COLLECTED MATERIAL Block Start

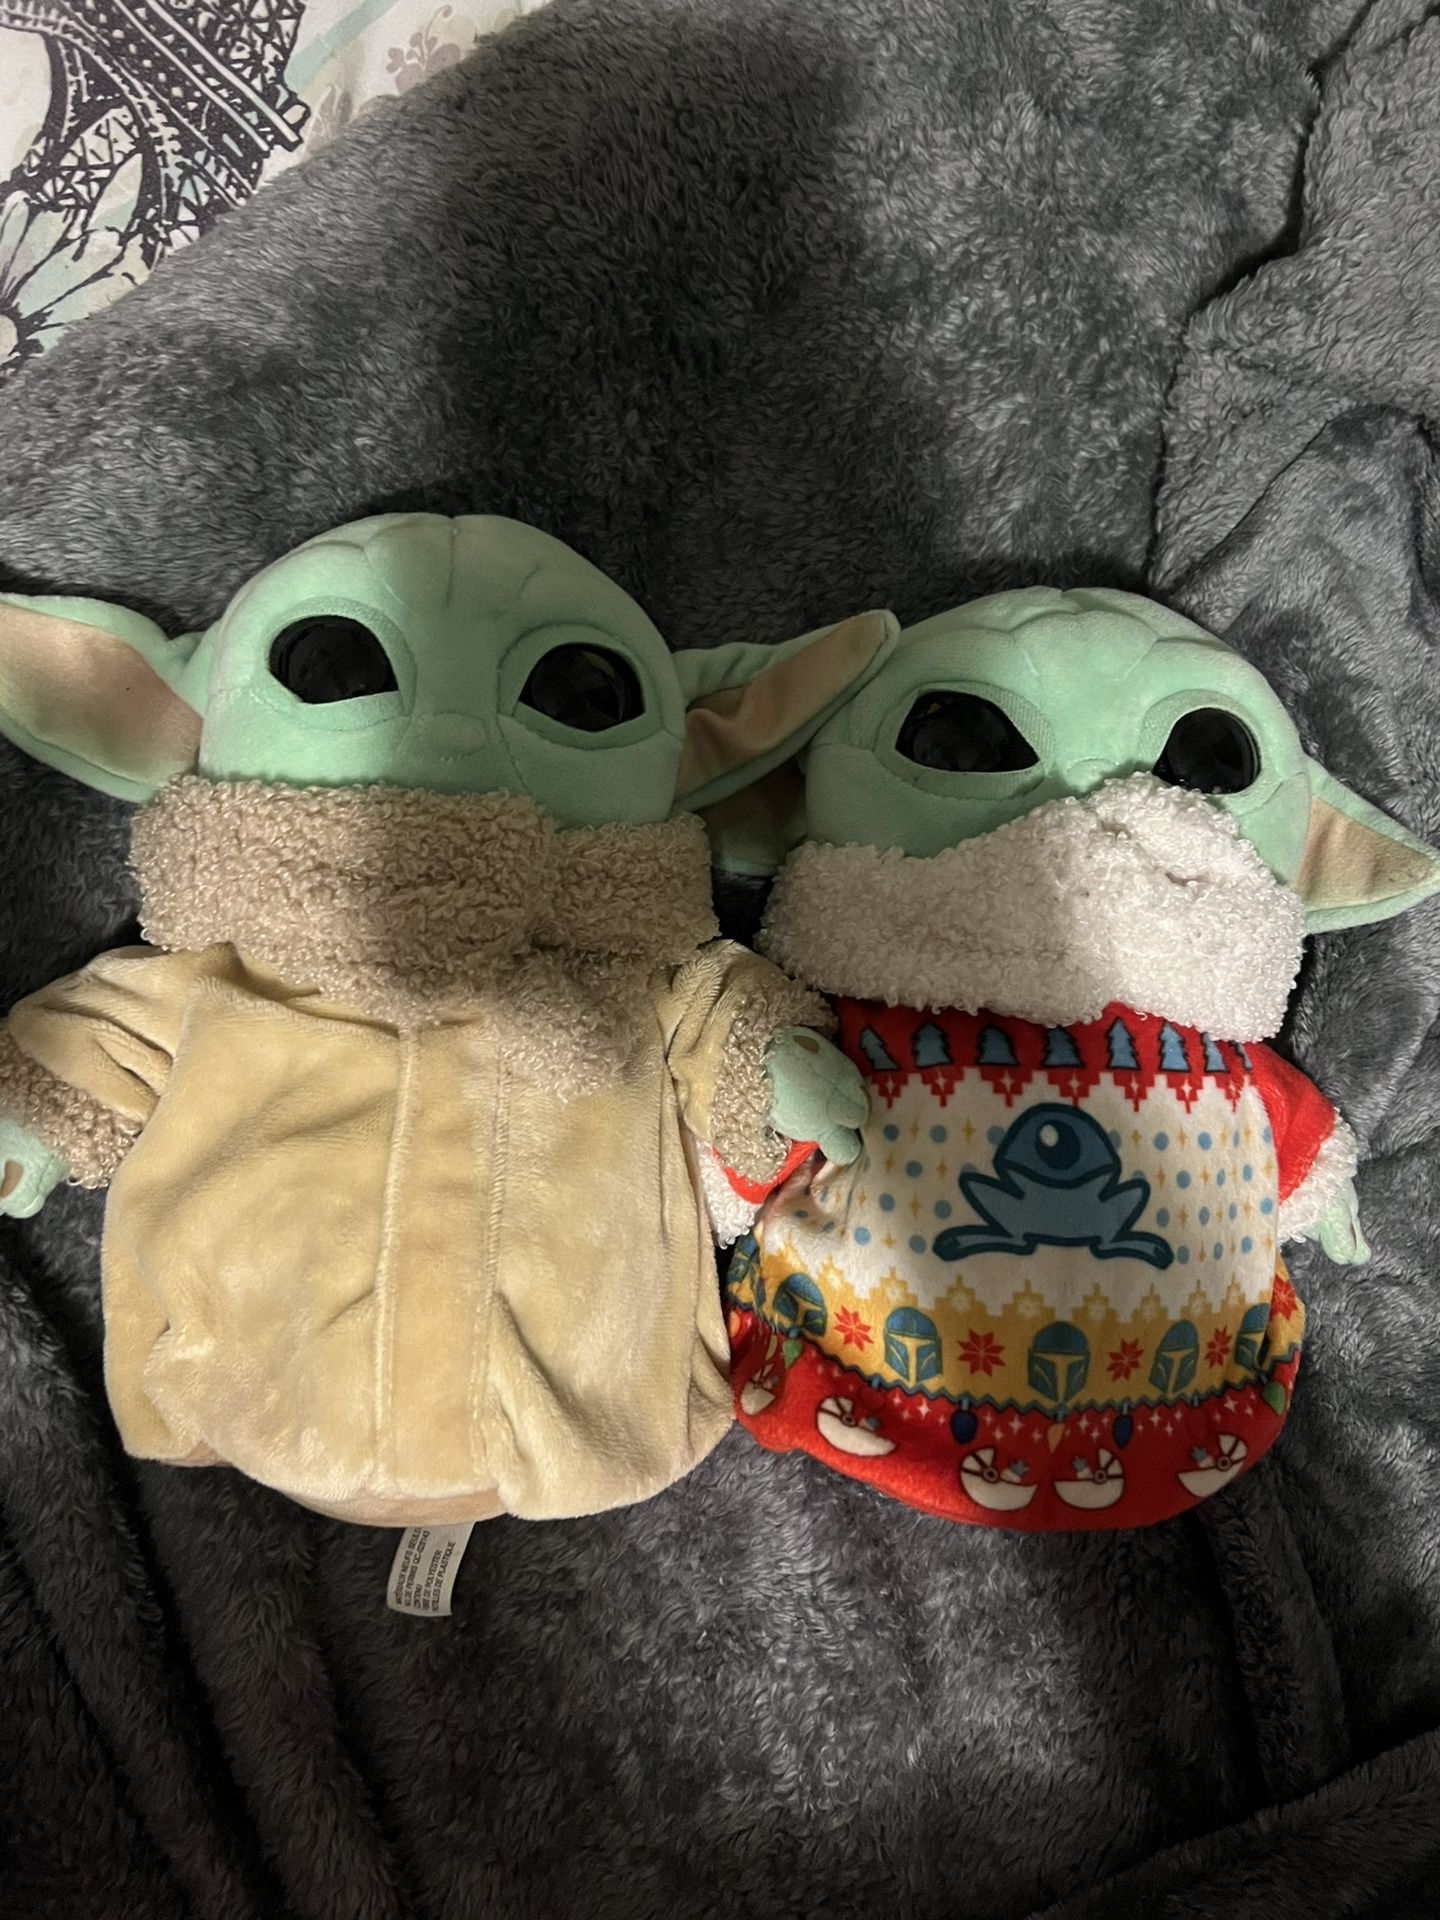 Two Baby Yoda Plushes
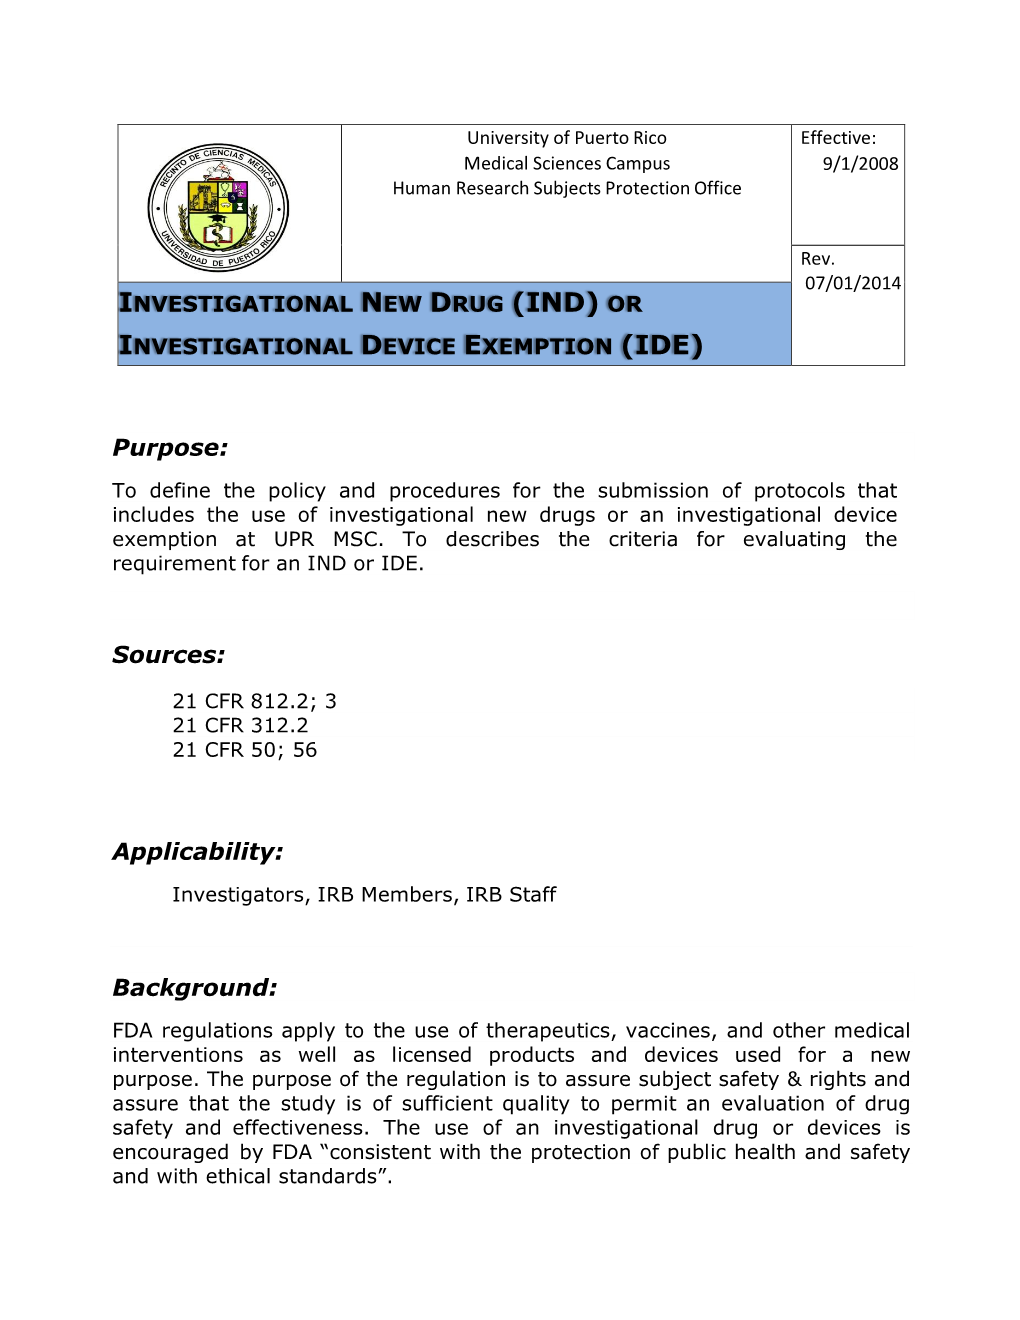 Ind) Or Investigational Device Exemption (Ide
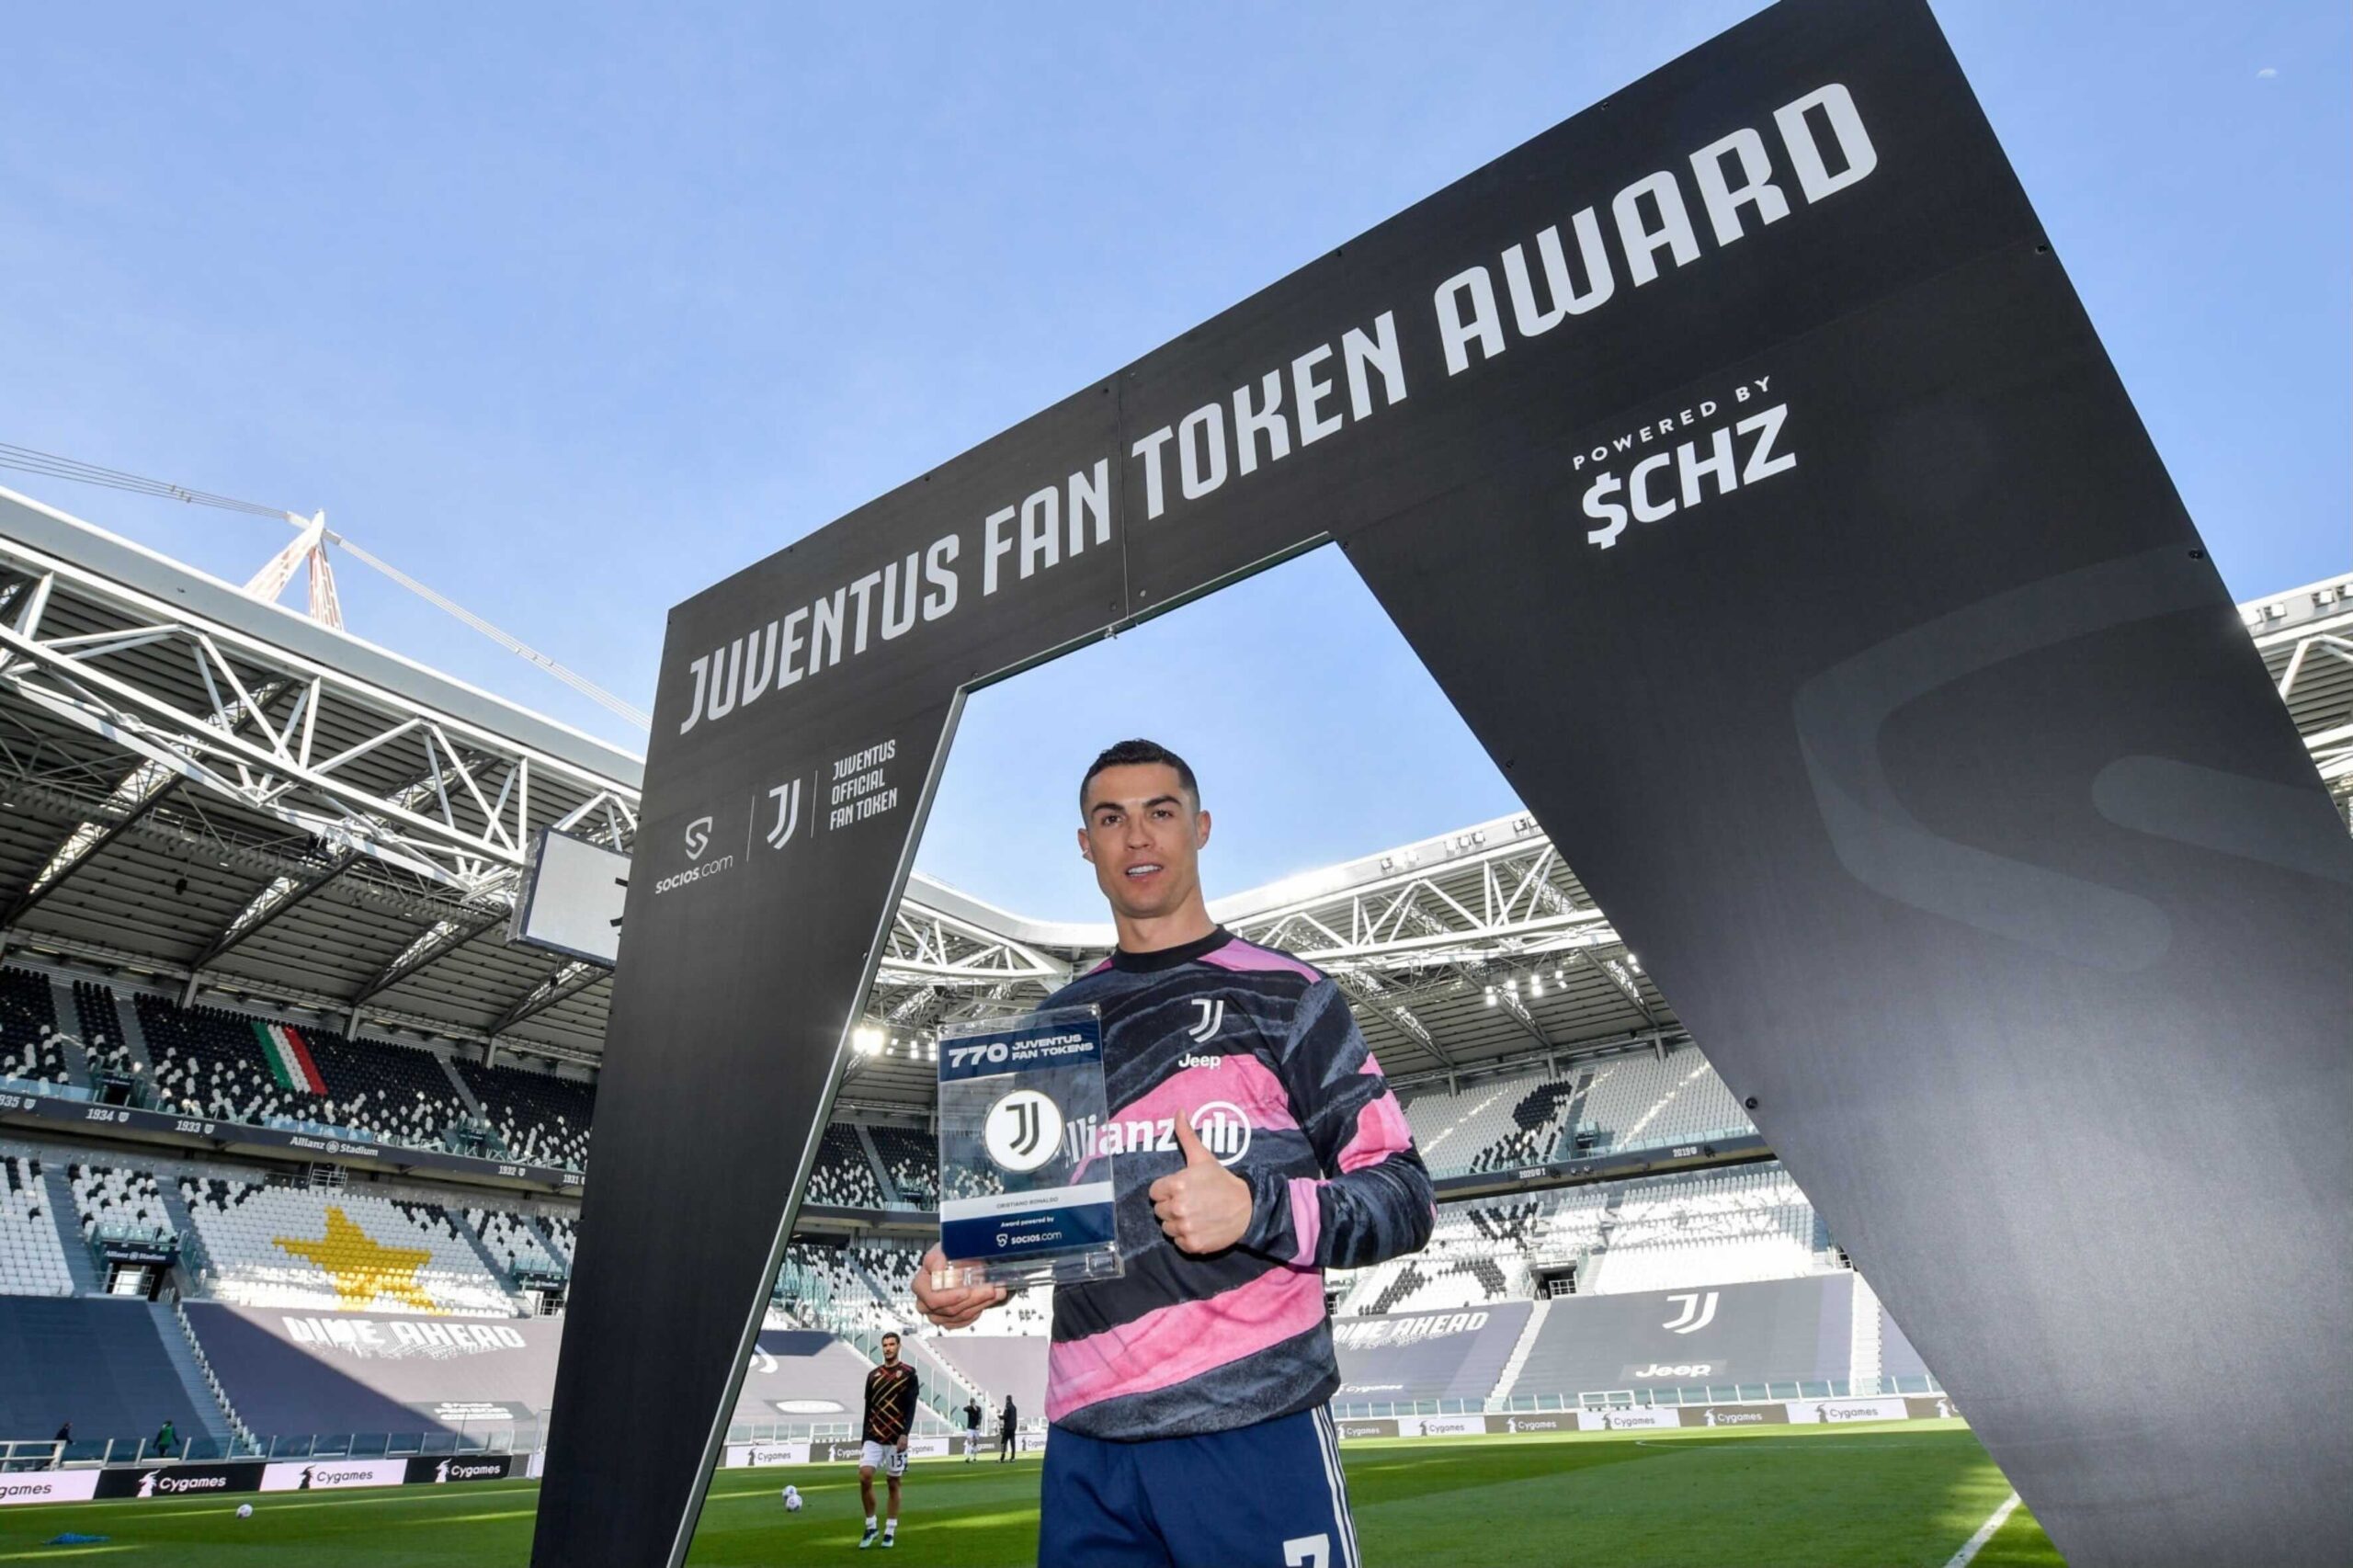 Cristiano Ronaldo 770 JUV token award from Juventus

COLLECTED MATERIAL Block End

TASK BRIEF
All lines from the line with "Ind) Or Investigational" through the final line of the data, both included, are to be repeated exactly; no other lines and no pictures.

SOLUTION
 Ind) Or Investigational Device Exemption (Ide
 Cristiano Ronaldo 770 JUV token award from Juventus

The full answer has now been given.